# Nail nibbling- Good or Bad?



## phantomapfel (Jan 11, 2009)

I was wondering when nail nibbling (of human nails) becomes too much, and should I scold her from doing this or not. 

I used to have a rat that did this, and I never scolded her because she never went past just nibbling on the nail. When Atia did it though, she did try to bite my knuckle. I said "No" calmly, but firmly, and pulled my hand away, but I am curious as if nail nibbling leads to biting or did she just mistaken my knuckle for nail. 
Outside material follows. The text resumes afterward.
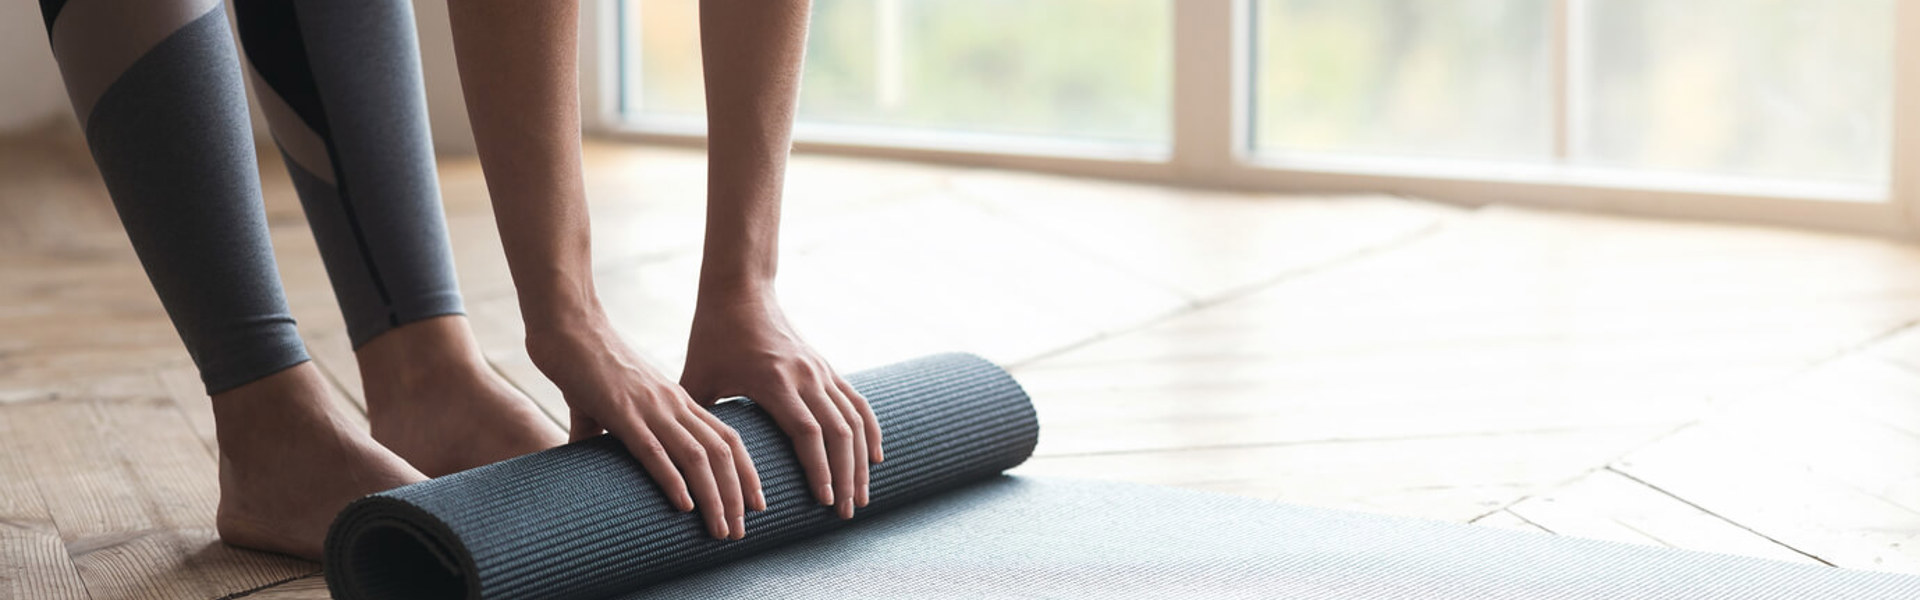 a person rolling up a grey Pilates exercise mat

I figured that the reason she as nibbling my nail had to do with the calcium in the nail, but she has a mineral lick to chew on in her cage. Just would love feedback on this issue.


----------



## tonyshuman (Jan 11, 2009)

I agree that it could lead to biting. She might think she's grooming you, as many bunnies do use their teeth to groom each other--more of a light nibble though than a CHOMP. The best way to teach a rabbit not to bite you is to make a high pitched screech (not too loud as to hurt their ears, but high pitched is important) when they bite you. If you don't mind her chewing on your nails and you think you can train her to chew only the nail and not your hand, no problem. But you might want to screech whenever she bites any part of you, which is what I do to let the bunnies know "don't bite there!"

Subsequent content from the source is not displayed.